=== Your assignment ===
Return all the data exactly, keeping the pictures out.
---- Data for the task
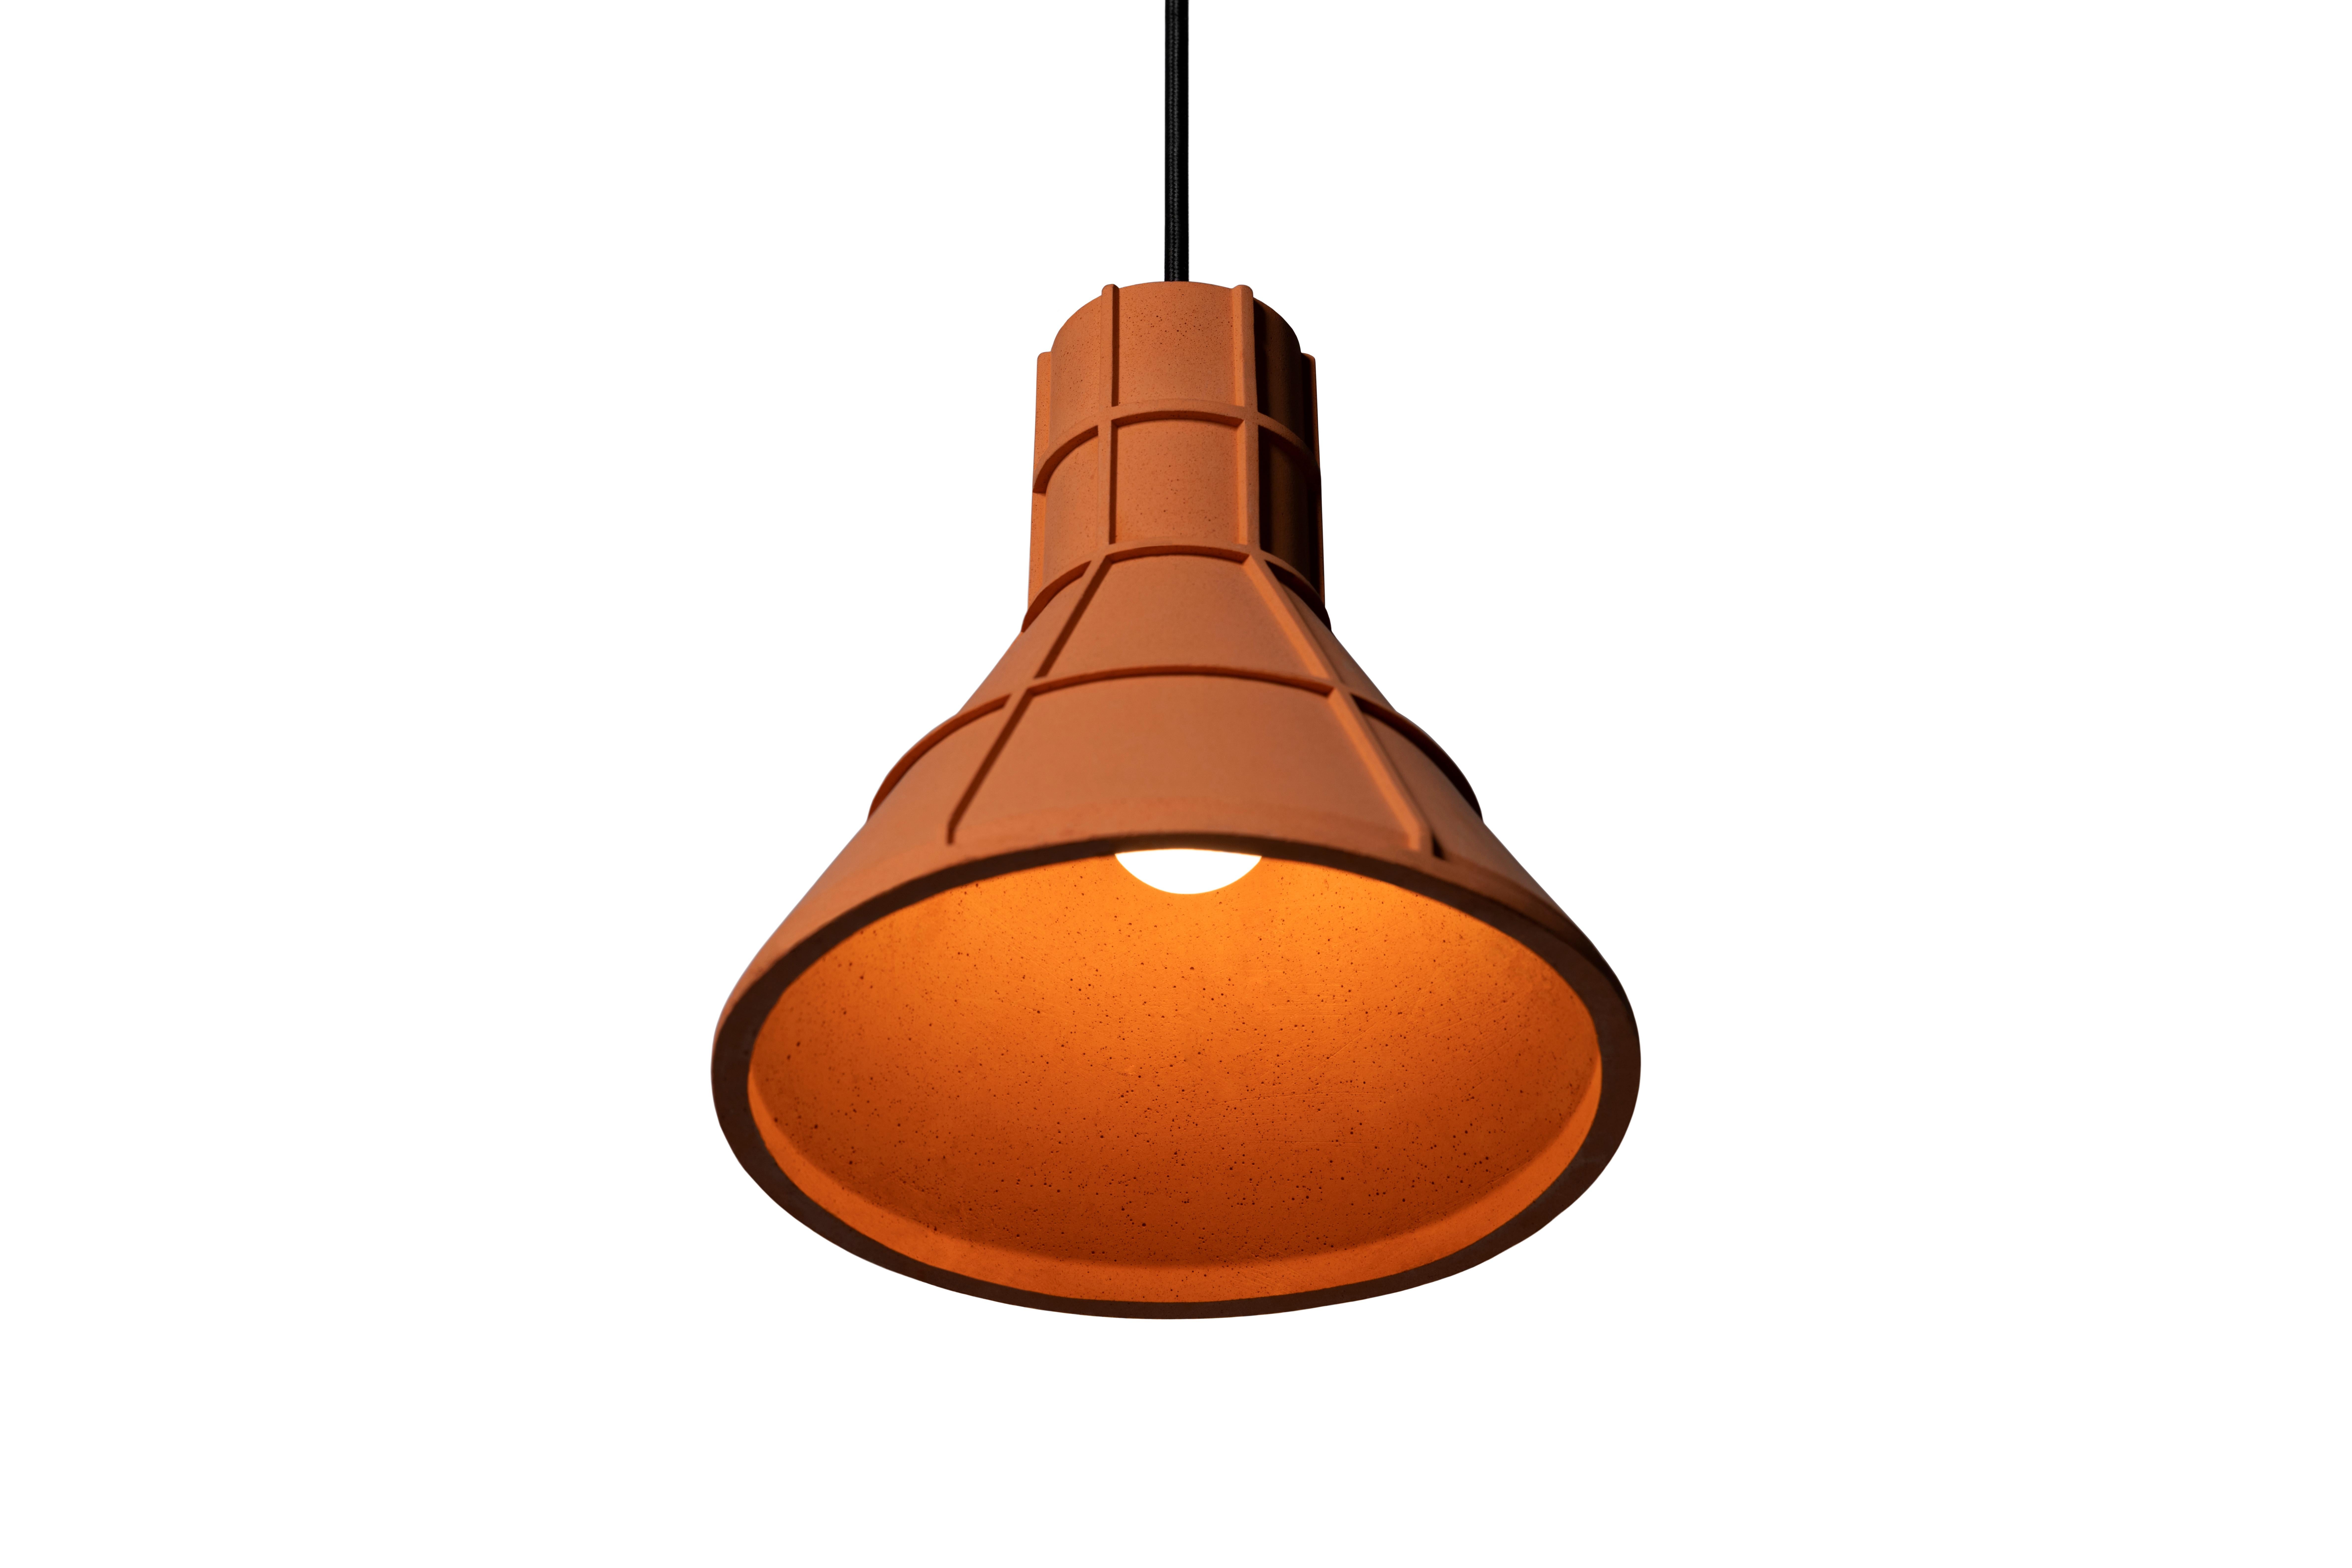 Lampe pendante 'U' de Nongzao x Bentu design.
Matériau : Terre cuite 
Couleur : orange terreux

Mesures : 21.1 cm de haut, 22,2 cm de diamètre
Fil : 3 mètres (noir)
Type de lampe : AC 100-240V 50-60Hz  9W - Comptable avec le système électrique
--------
=== Task output ===
 Lampe pendante 'U' de Nongzao x Bentu design.
Matériau : Terre cuite 
Couleur : orange terreux

Mesures : 21.1 cm de haut, 22,2 cm de diamètre
Fil : 3 mètres (noir)
Type de lampe : AC 100-240V 50-60Hz  9W - Comptable avec le système électrique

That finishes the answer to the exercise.